Frequent midday naps may be refreshing, but the urge to take them could be a symptom of something more serious.
Researchers from Johns Hopkins University have found that adults who report daytime sleepiness were almost three times more likely to develop deposits of beta amyloid proteins in the brain, which has long been associated with Alzheimer’s disease, than those who do not.
“Factors like diet, exercise and cognitive activity have been widely recognized as important potential targets for Alzheimer’s disease prevention, but sleep hasn’t quite risen to that status—although that may well be changing,” Adam Spira, PhD, an associate professor in the Department of Mental Health at the Johns Hopkins Bloomberg School of Public Health, said in a statement.
“If disturbed sleep contributes to Alzheimer’s disease, we may be able to treat patients with sleep issues to avoid these negative outcomes,” he added.
The researchers examined data from the Baltimore Longitudinal Study of Aging (BLSA), a long-term study that began in 1958, following the health of volunteers as they age.
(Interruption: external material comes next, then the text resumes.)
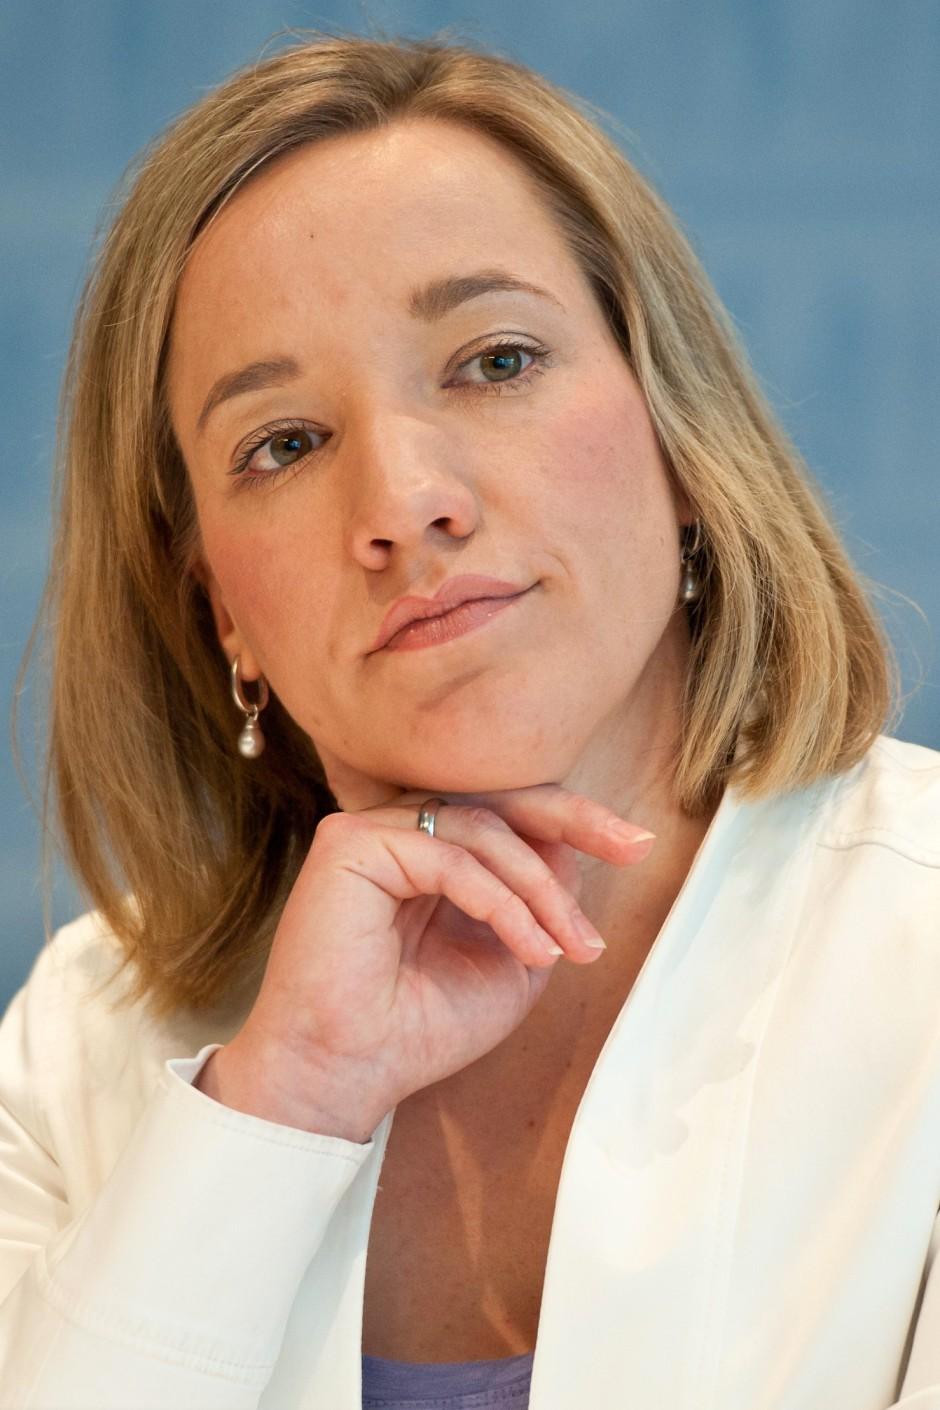 dpa. Kristina Schröder

Between 1991 and 2000, the volunteers filled out questionnaires about their sleeping habits.
A subgroup of the study volunteers also received neuroimaging assessments, beginning in 1994. Also, in 2005, another subgroup of participants received a positron emission tomography (PET) scan using Pittsburgh compound B (PiB)—a radioactive compound that helps to identify amyloid plaques in neuronal tissue.
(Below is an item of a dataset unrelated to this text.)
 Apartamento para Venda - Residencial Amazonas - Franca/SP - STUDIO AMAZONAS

The team found 123 participants who both answered the questionnaire in the 90s and had a PET scan with PiB an average of almost 16 years later. The researchers then analyzed the data to try to find a correlation between participants who reported daytime sleepiness or took daytime naps and whether they scored positive for beta-amyloid deposition in their brains.
Before adjusting for demographic factors like age, sex, education and body-mass index, the researchers found that those who reported daytime sleepiness were about three times more likely to have beta-amyloid depositions than those who did not.
After adjusting for the demographic factors, the team found a risk that was still 2.75 times higher for those who reported daytime sleepiness.
According to Spira, it is not yet fully understood why daytime sleepiness was correlated with the deposition of beta-amyloid protein. He said one theory is that daytime sleepiness could cause the proteins to form.
However, previous research suggests that disturbed sleep due to factors like sleep apnea causes beta-amyloid plaques to form through an unknown mechanism.
Animal studies in Alzheimer’s disease models have shown that restricting nighttime sleep can lead to more beta-amyloid protein in the brain and spinal fluid and various human studies have linked poor sleep with greater measures of beta-amyloid in neuronal tissue.
“There is no cure yet for Alzheimer’s disease, so we have to do our best to prevent it,” Spira said. “Even if a cure is developed, prevention strategies should be emphasized. Prioritizing sleep may be one way to help prevent or perhaps slow this condition.”